Tuesday, October 28, 2008

The Odyssey

The play of The Odyssey by Homer was performed at Loyola College this weekend.  This amazing journey follows Odysseus as he tries to return home after the Trojan War.  Along with this great story, the poems “Tell all the truth but tell it slant-,” “Success is Counted Sweetest-,” “I heard a Fly buzz—when I died,” “Because I could not stop for Death,” by Emily Dickinson and the short story “Hills like White Elephants” reflect similar experiences and expressions expressed throughout The Odyssey.  Certain scenarios in the play are great examples as to what Dickinson is trying to convey through her poems. 

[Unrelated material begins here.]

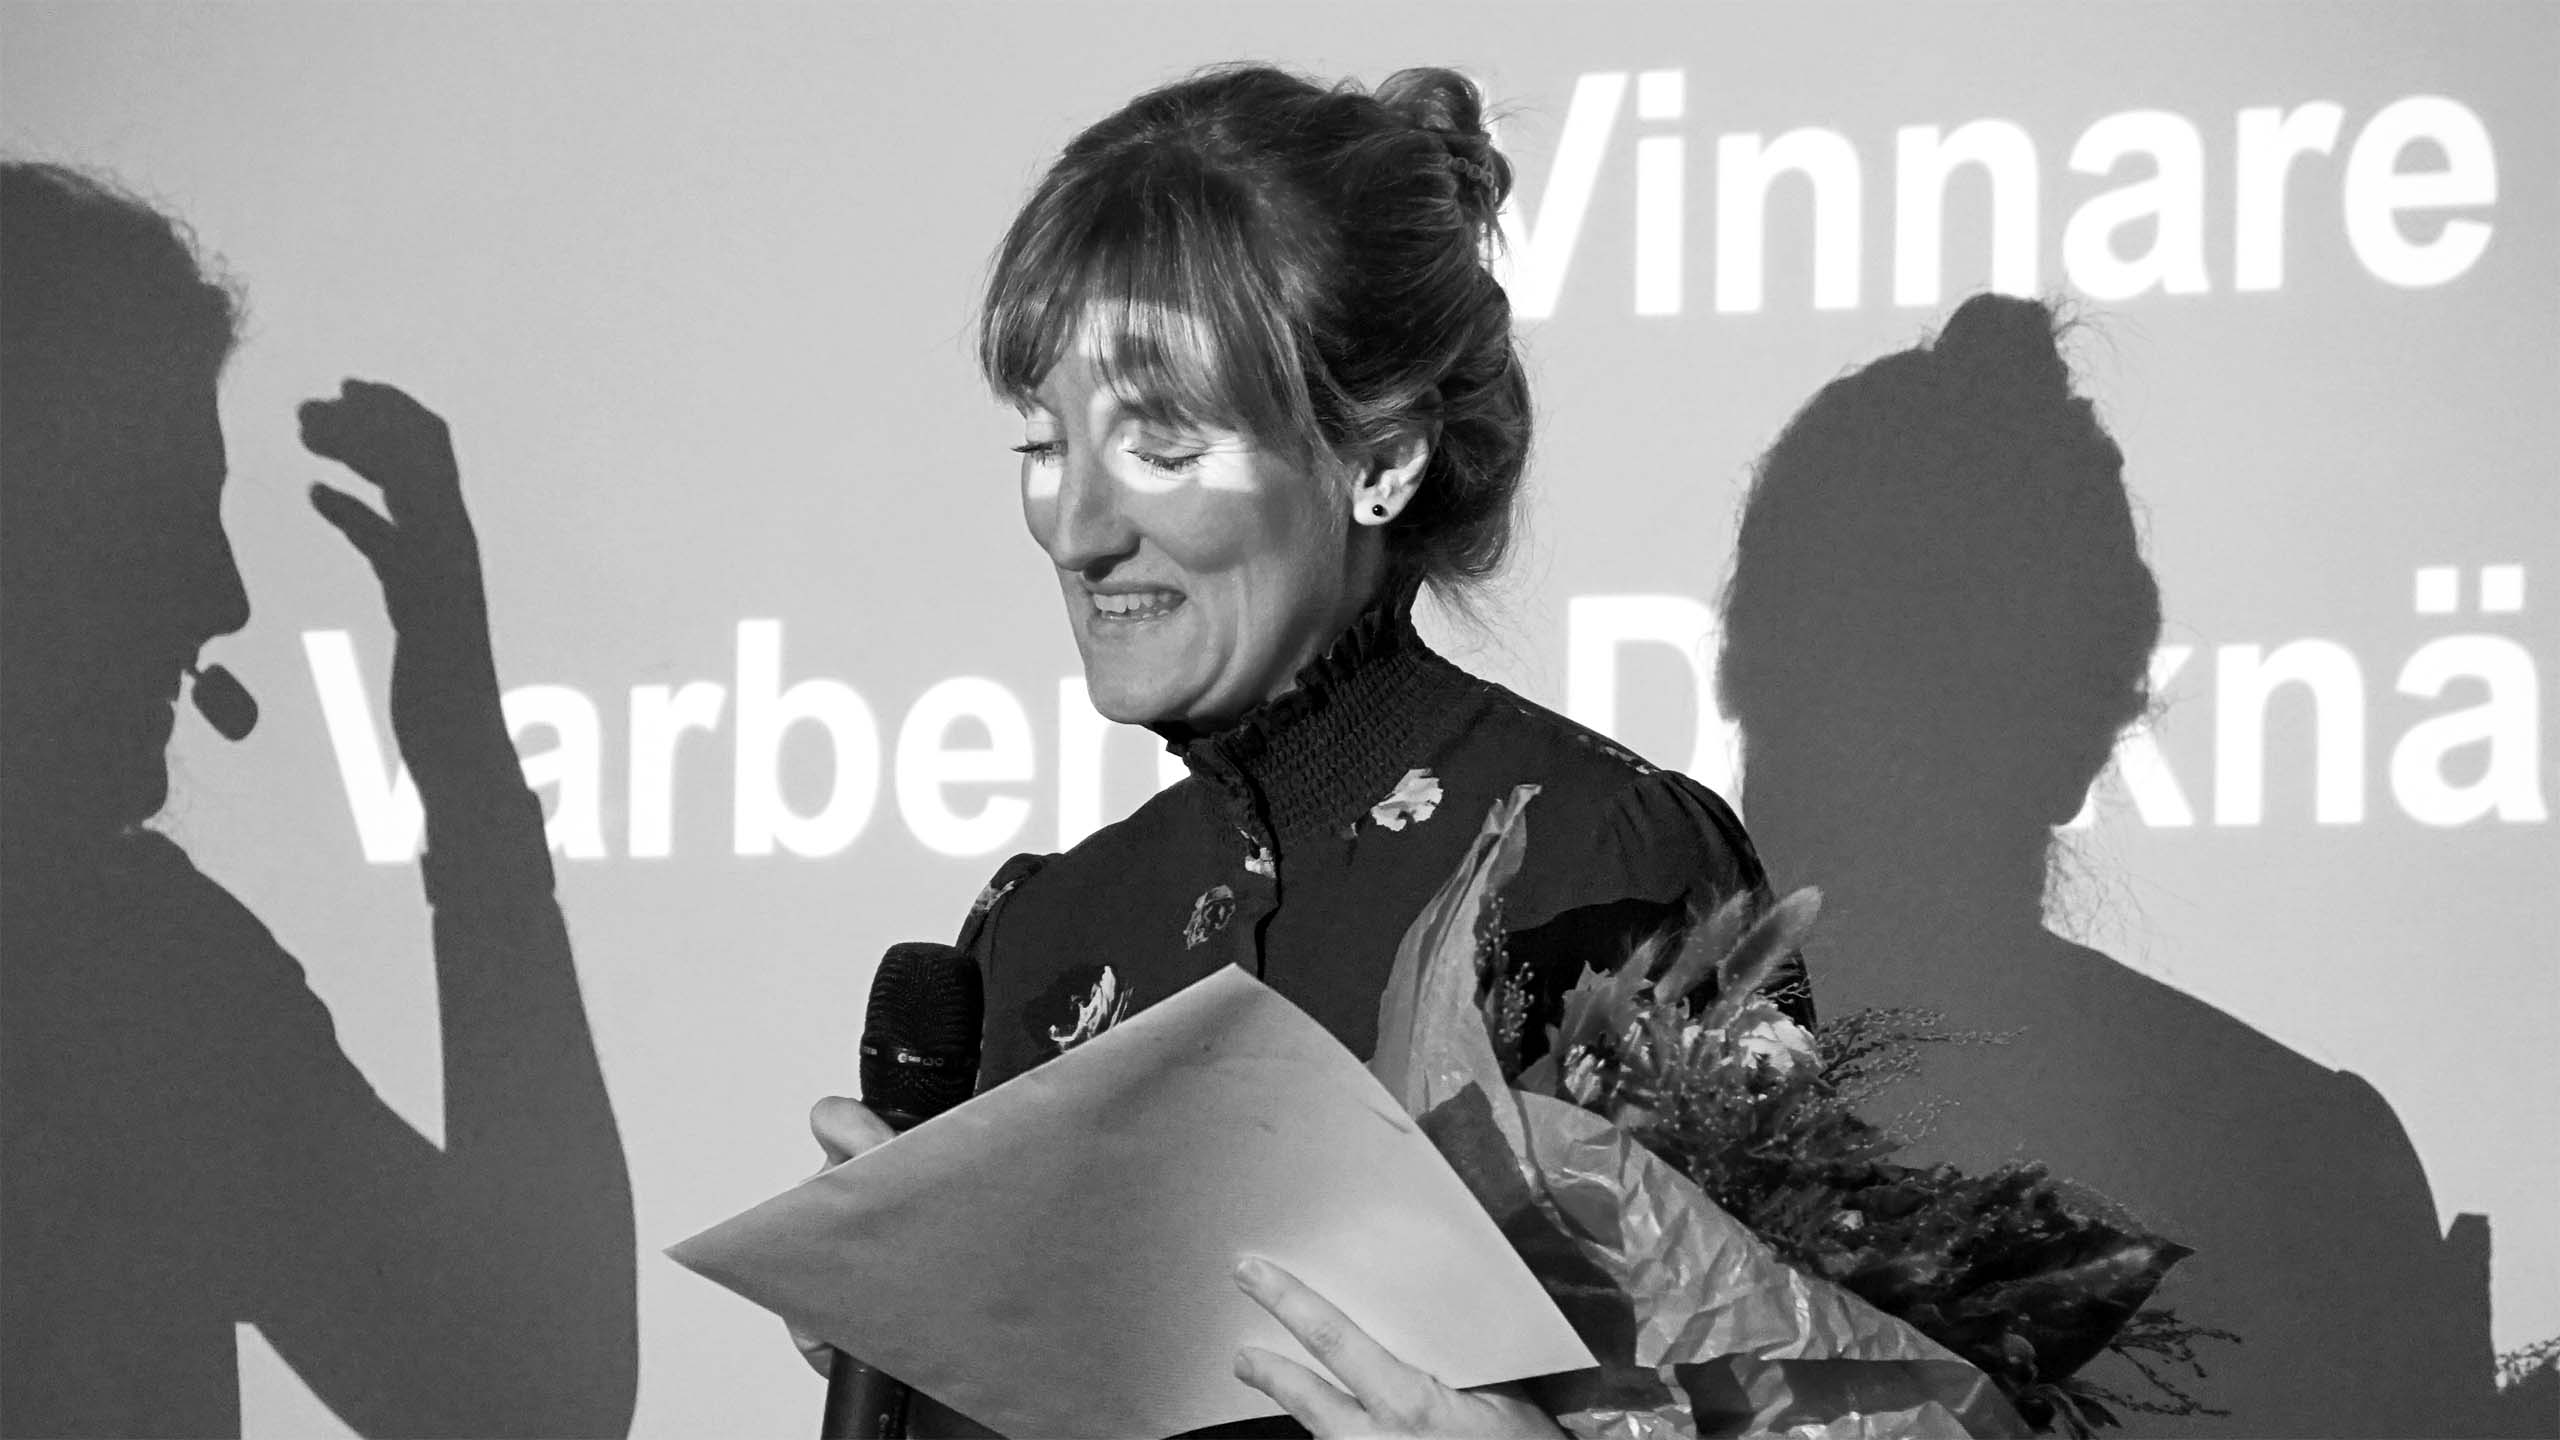 Vinnaren av Varbergs Draknäste 2019 tar emot pris och blommor.
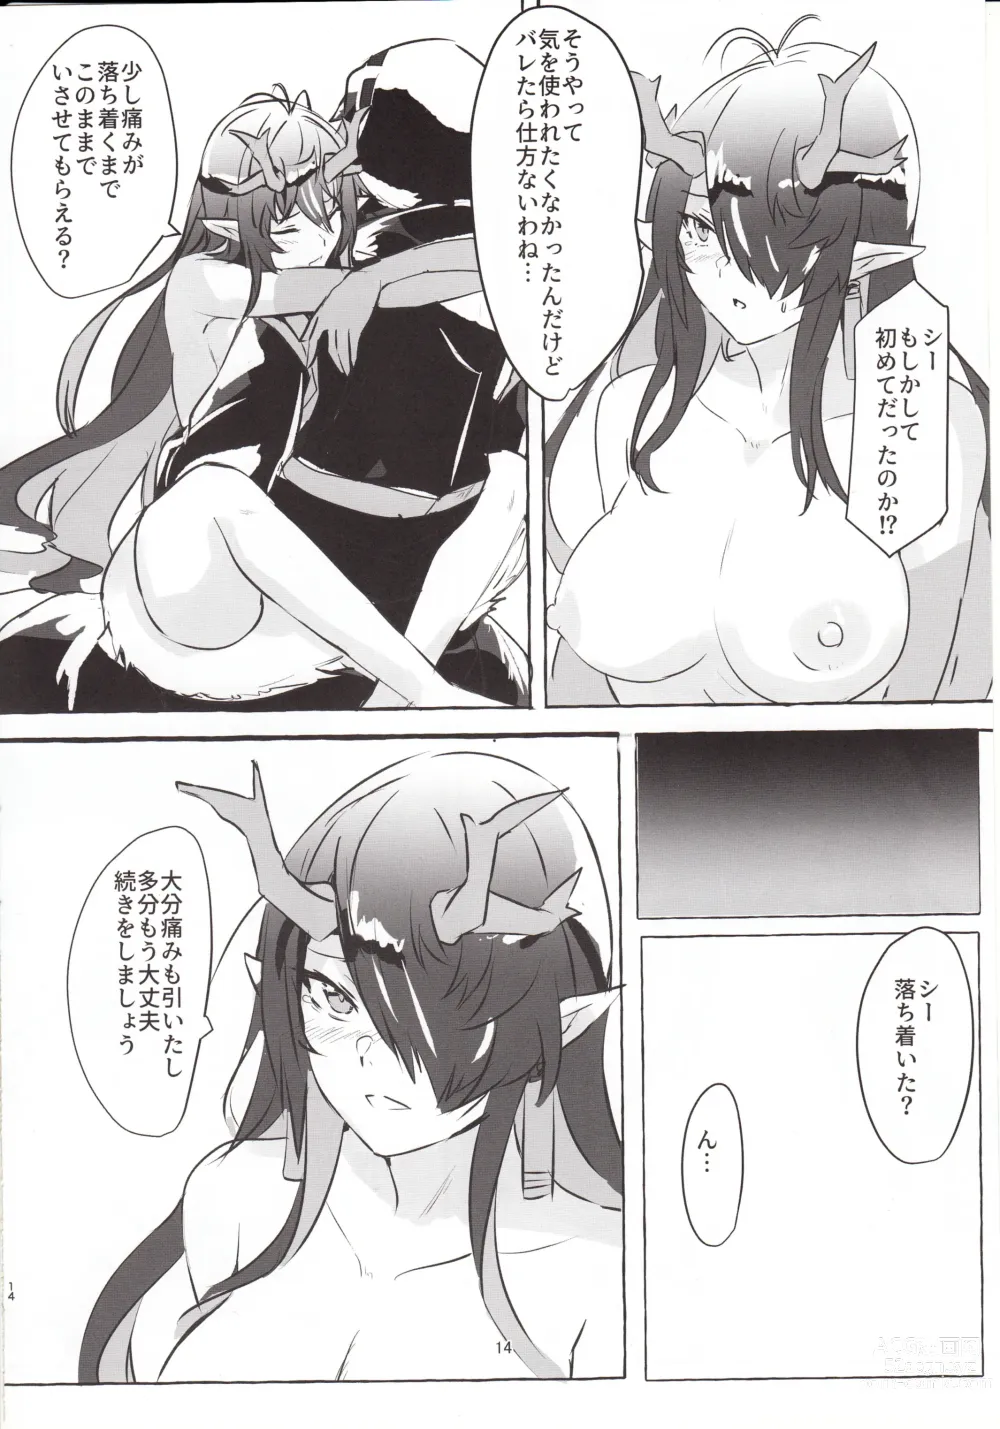 Page 13 of doujinshi Kyoshou no Dusk wa Are ga Mitai!

The play is about the struggle for Odysseus to return home after ten years, while before fighting in the Trojan War.  Back in Ithaca, his home, his son Telemachus and wife Penelope wait on their last bit of hope for him to finally rejoin them back home.  With Odysseus being captured by Calpso, he his finally set free by the order of the gods for him to make his way home.  However, multiple obstacles block his path as he ends up washed up on a shore on the land of the Phaeacians, where they humbly accept him into his home and says his travels and how he has multiple times nearly escaped death.  Before hand however, he does not reveal his name to them for fear of not being returned with the same hospitality he had been receive as a disguised beggar.  This is what the poem “Tell all the Truth but tell it slant--,” is describing with being cautious about revealing the truth and as said in the poem “The Truth must dazzle gradually.”  Along with this, the theme of death is very present in many of the poems by Dickinson as Odysseus faces it many times in his travels.  Each of the times Odysseus is successful in his attempts to escape this death.  With his desire to return home to his son and wife and his overcoming of death, his “success is counted sweetest”.  The poem “Success is counted sweetest” reveals how much great success feels for those that have not succeeded.  Odysseus’ ten-year captivity has been his dry time for success and when he moves in any direction, it is counted as his success.   Both of the other poems “Because I could not stop for Death--,” and “I heard a Fly buzz—when I died--,” talk about death as well along with the others.  The first of these discusses death in an immortal (the Odyssey’s gods and Odysseus being commonly mistaken for being immortal) way with traveling along with Death and moving towards Eternity.  The next examines how at the moments right before death, someone can notice the smallest of the things that are happening.  Before being on their deathbed, one may not notice a fly that lands on them, but does with a moment of their own death.  Just along with all this talk of death, the short story “Hills like White Elephants” brings up the question of abortion.  The woman seems to be reluctant about the abortion while the man seems to be very in favor of it.

 The death theme seemed very prominent in most of the works discussed for this analysis.  Each of the poems, play, and short story, were connected in some way to the experiences that death can create.